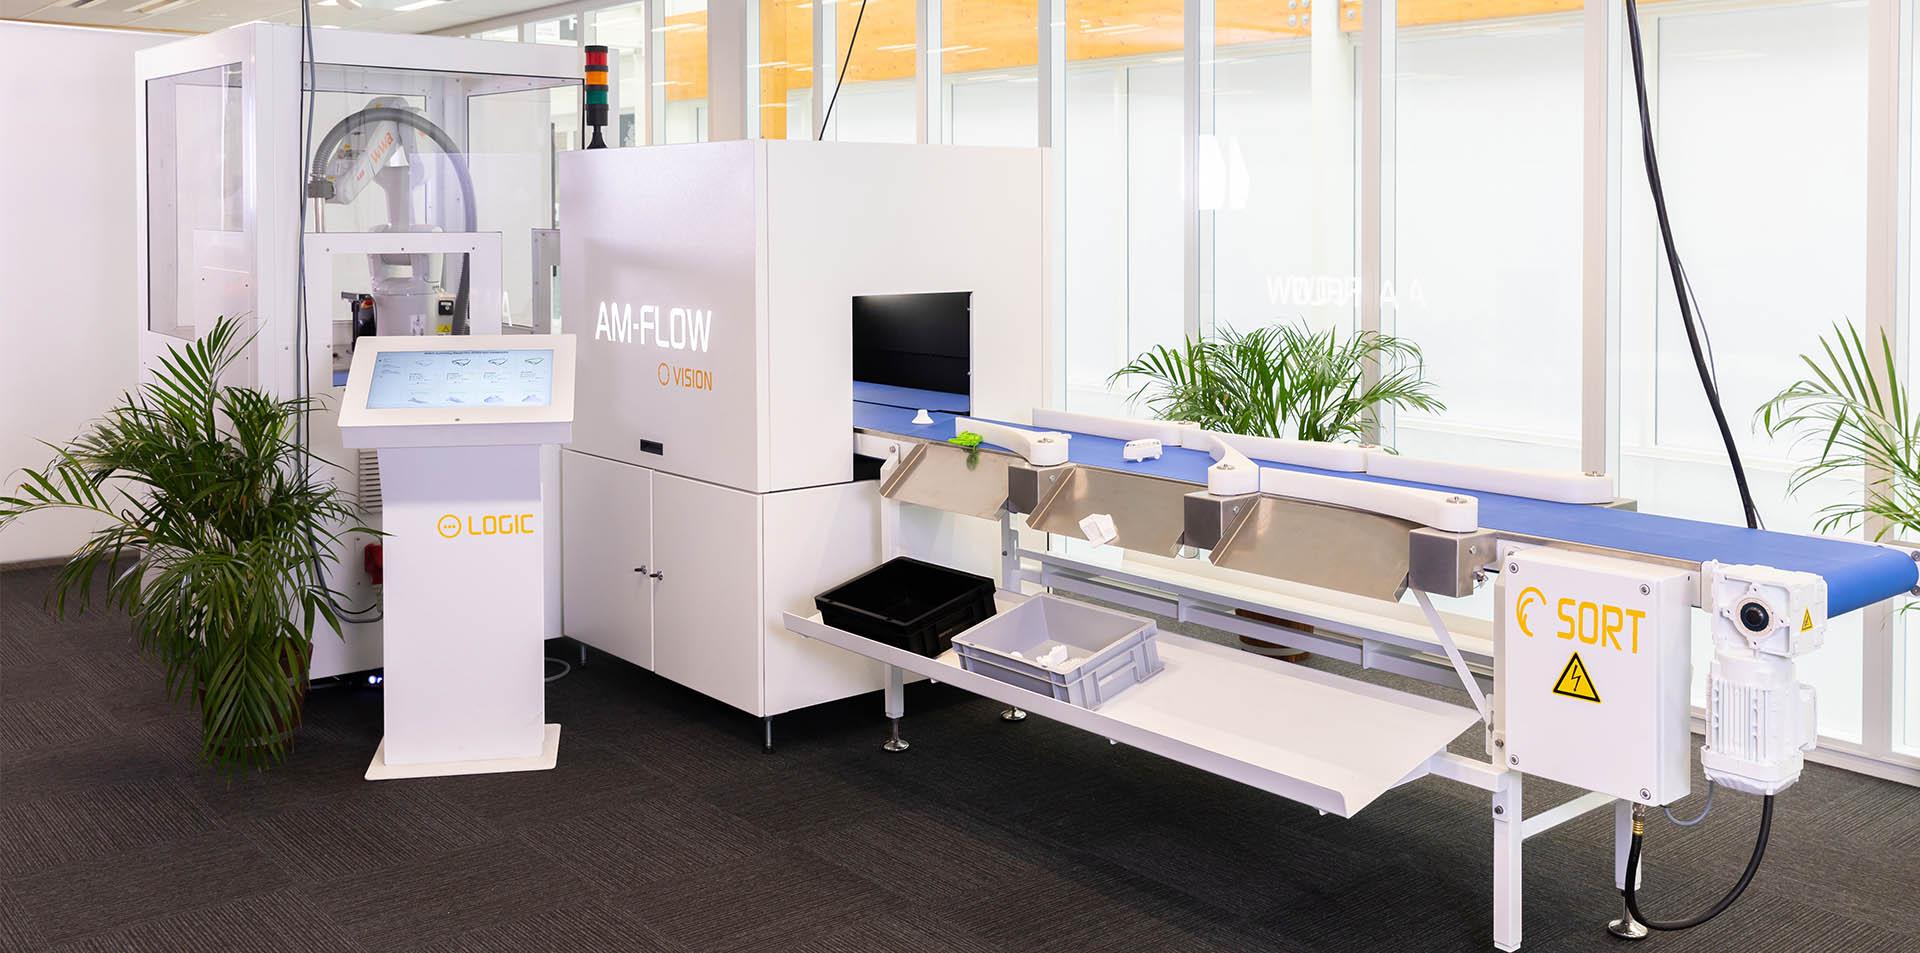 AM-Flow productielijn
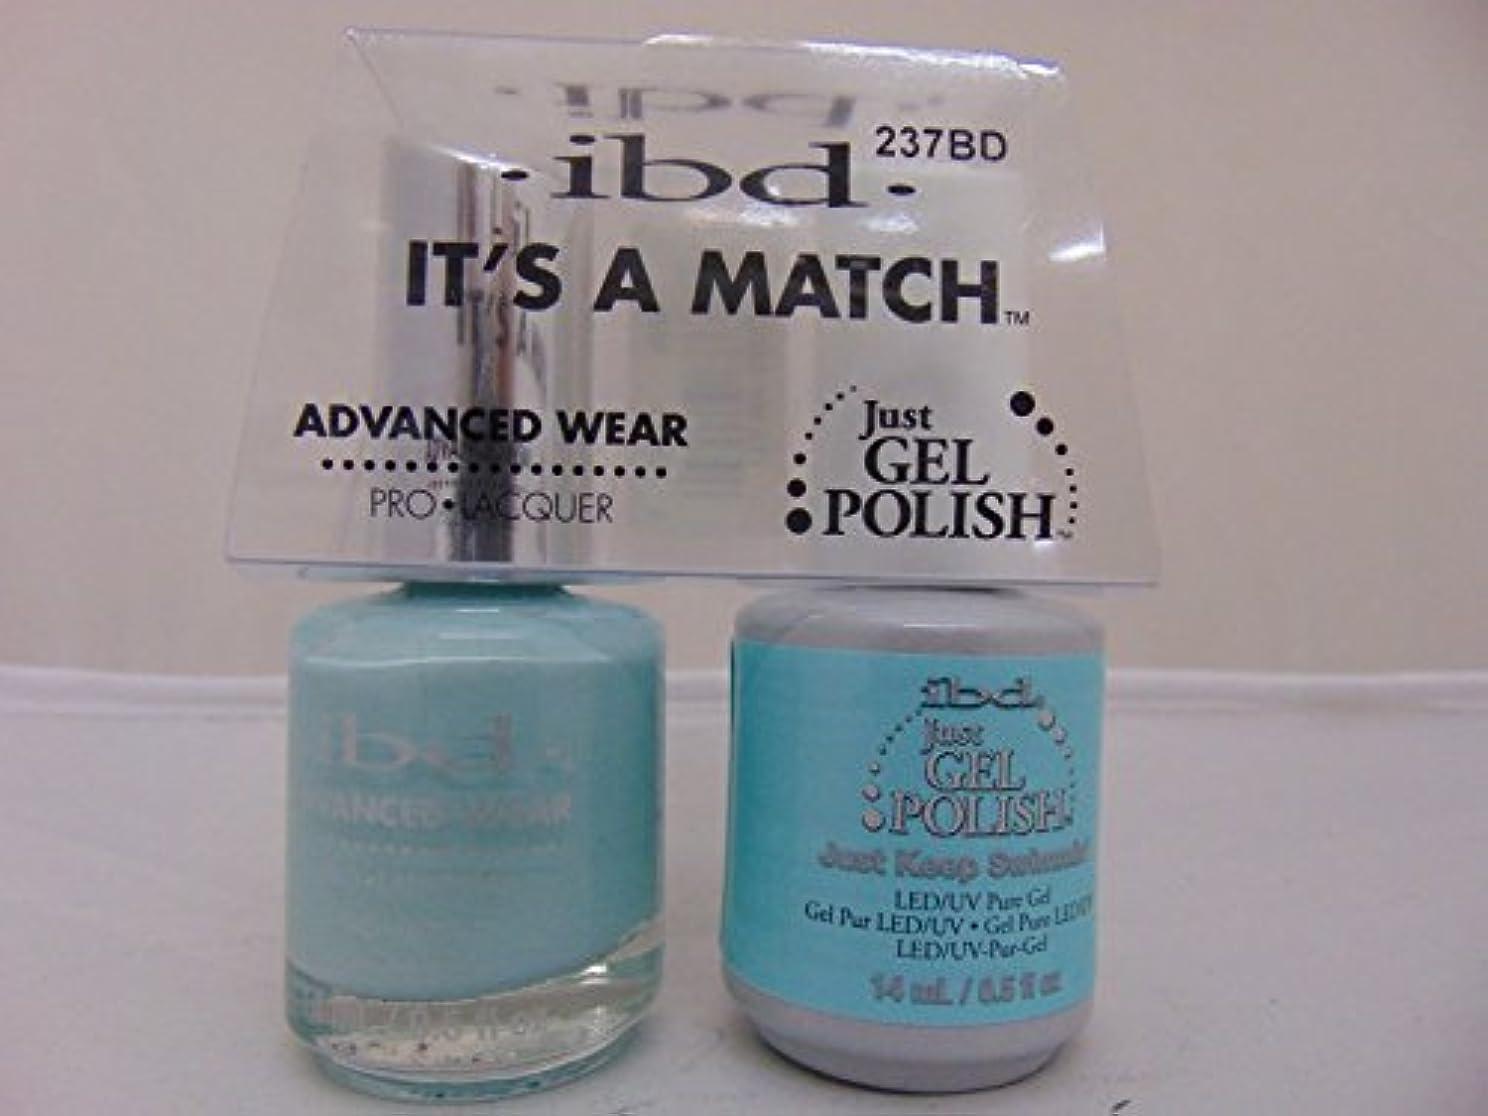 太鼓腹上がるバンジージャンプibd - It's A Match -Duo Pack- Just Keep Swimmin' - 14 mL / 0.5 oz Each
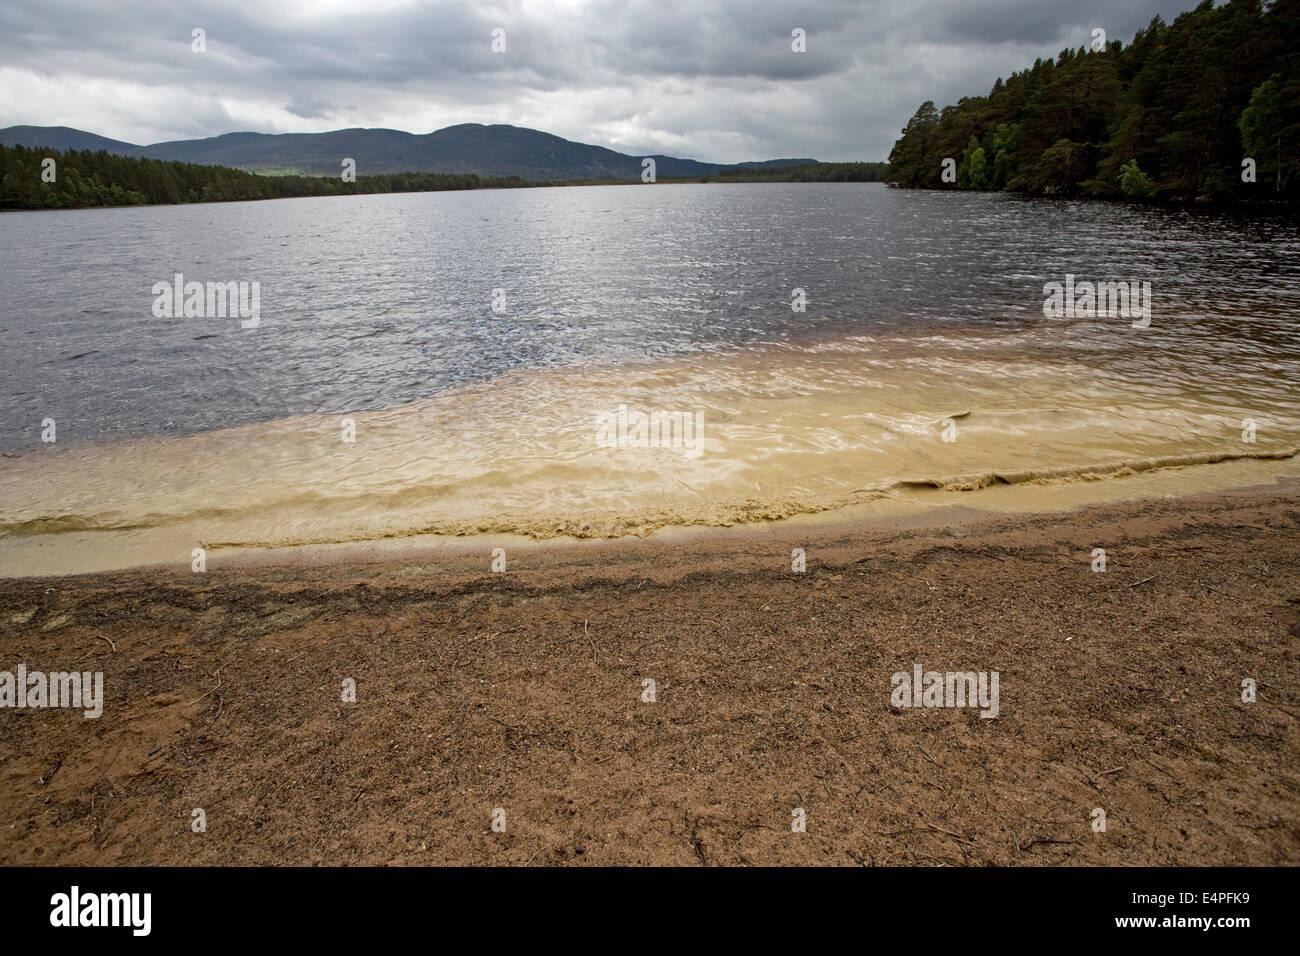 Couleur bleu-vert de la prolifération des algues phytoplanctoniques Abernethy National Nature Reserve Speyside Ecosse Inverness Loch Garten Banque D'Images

*Directions*
You are asked to reproduce each line above exactly, but to exclude the pictures.

*Output of the task*
 AM-Flow productielijn
 太鼓腹上がるバンジージャンプibd - It's A Match -Duo Pack- Just Keep Swimmin' - 14 mL / 0.5 oz Each
 Couleur bleu-vert de la prolifération des algues phytoplanctoniques Abernethy National Nature Reserve Speyside Ecosse Inverness Loch Garten Banque D'Images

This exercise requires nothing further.